The grey house with the Christmas wreath on the front door and twinkling fairy lights overhanging the back patio could be any other student home in the remote town of Moscow, Idaho.
A blanket of snow covers the ground, and a rubbish bag overflowing with beer and seltzer cans is propped up near an outdoor grill.
The young women who lived here until recently were popular members of sororities at the University of Idaho and regularly threw parties.
They documented their lives on social media, with choreographed videos of group dances and photographs dressing up for nights out.
But four weeks ago this apparent student idyll was shattered when three of the housemates – Kaylee Goncalves, Maddie Mogen and Xana Kernodle, and Xana’s boyfriend Ethan Chapin – were brutally murdered.

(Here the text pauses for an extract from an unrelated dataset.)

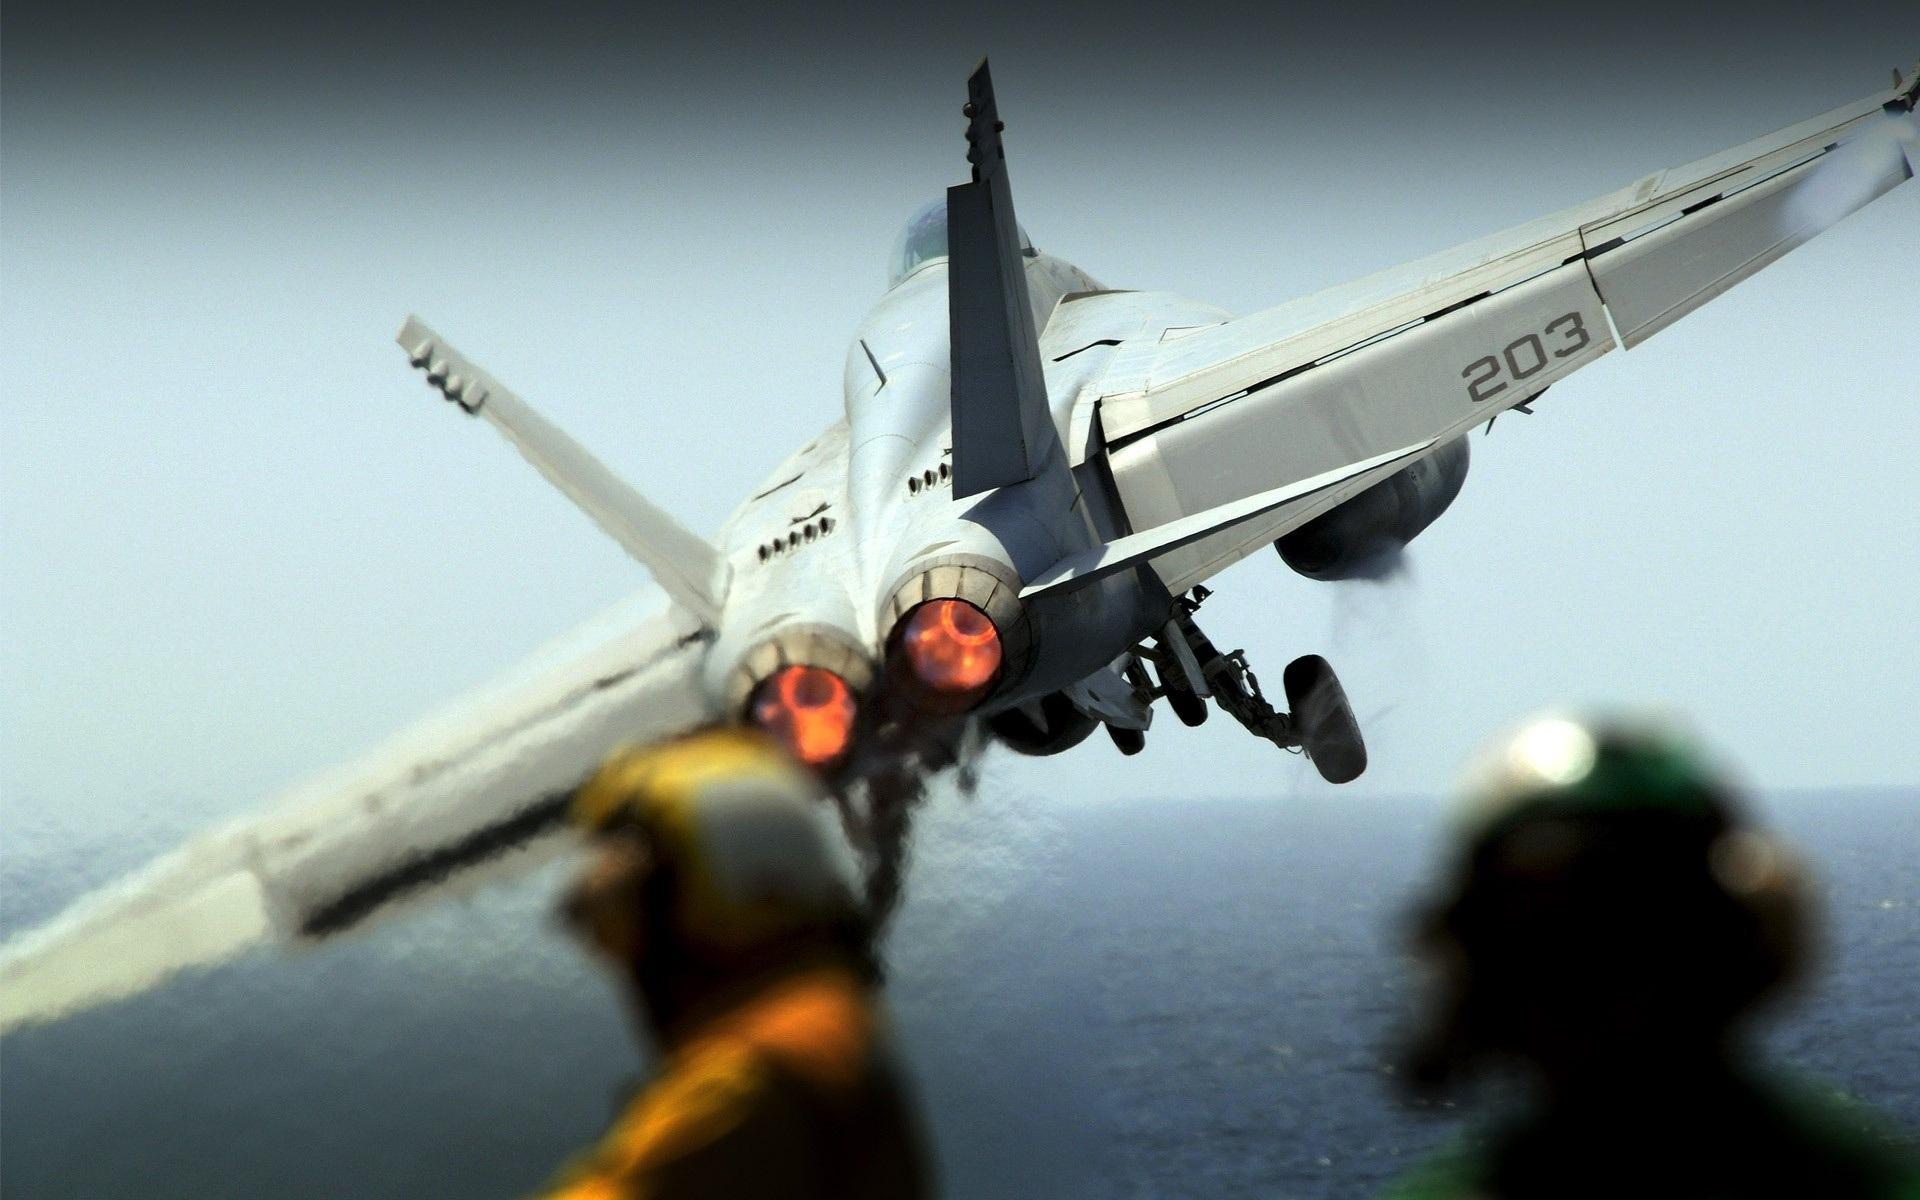 Fighter aircraft photo Wallpaper | 1920x1200 resolution ...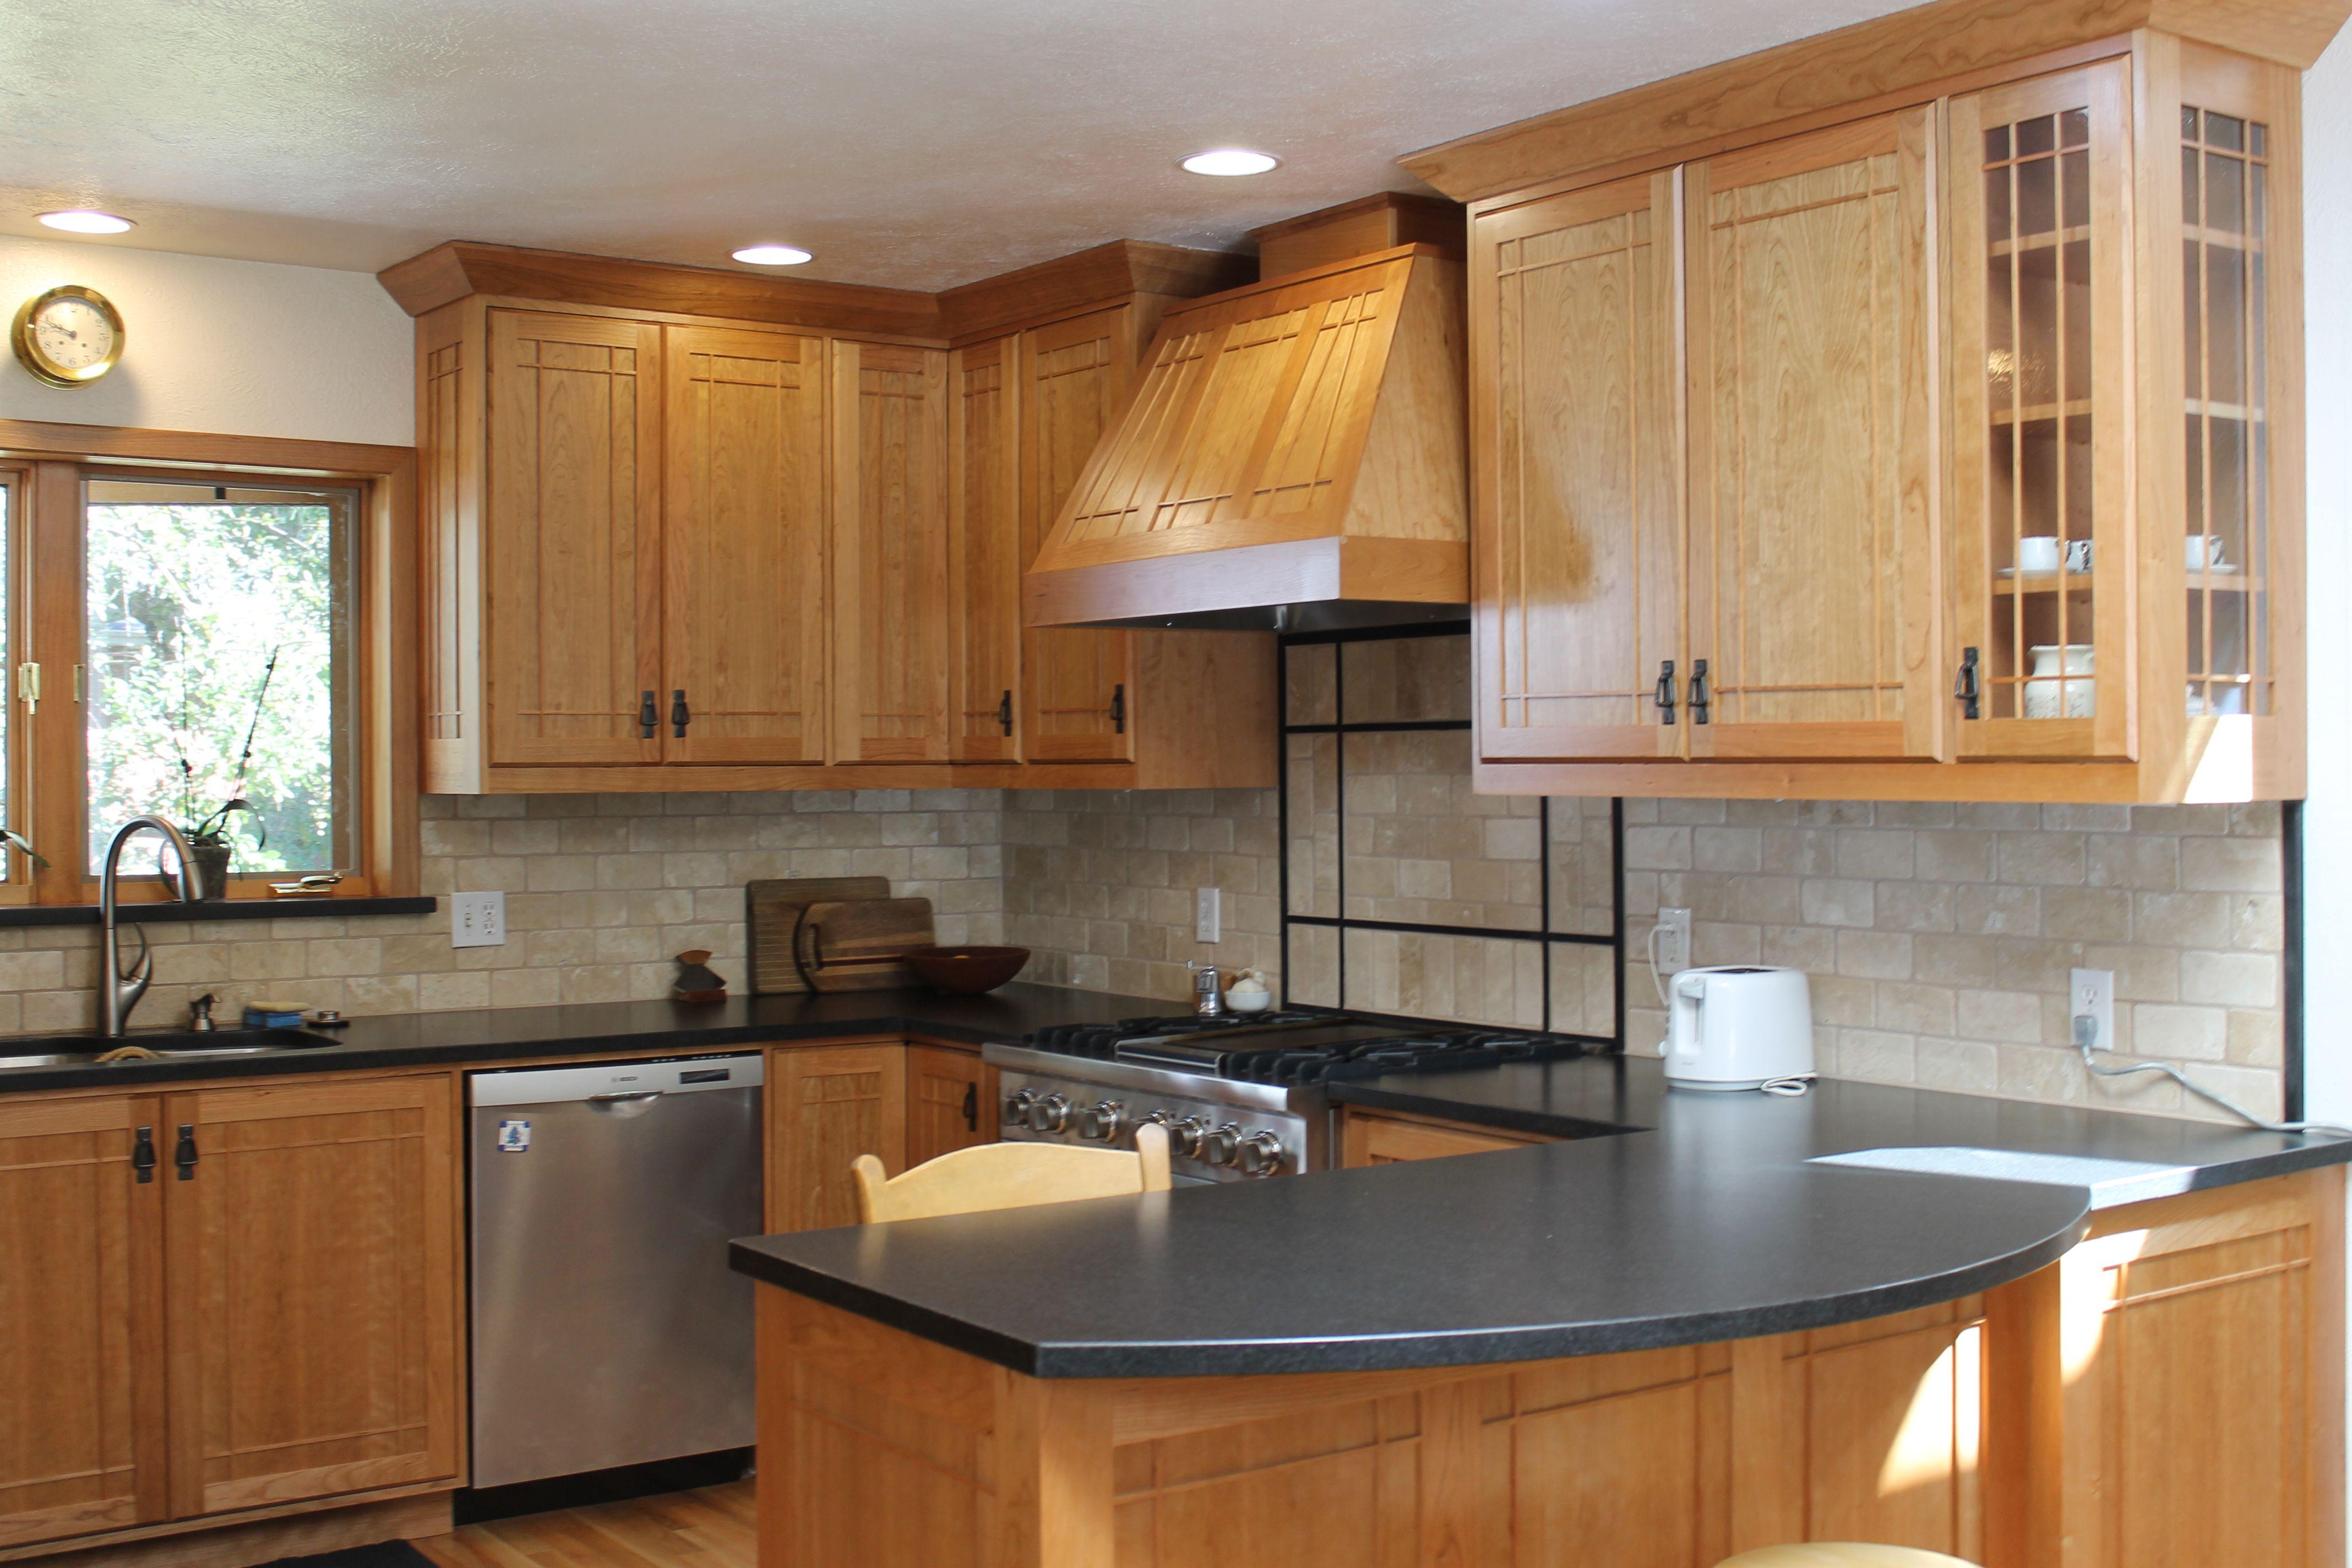 interior traditional kitchen design with oak wood cabinetstogo and black granite rustic on kitchen cabinets design id=53968

In the early hours of a Sunday morning, as they slept in bed, they were stabbed to death with a large knife, their rooms splattered with blood, while two other housemates slept through the attacks.
Four weeks on, no known witnesses have come forward, there is no named suspect, no murder weapon and no obvious motive.
Moscow’s small police force, which hadn’t had a murder for more than seven years, is at the centre of the race to find a killer, or killers.
“It’s hard to tell when or if this town will ever be the same,” Robbie Johnson, the force’s public information officer, says.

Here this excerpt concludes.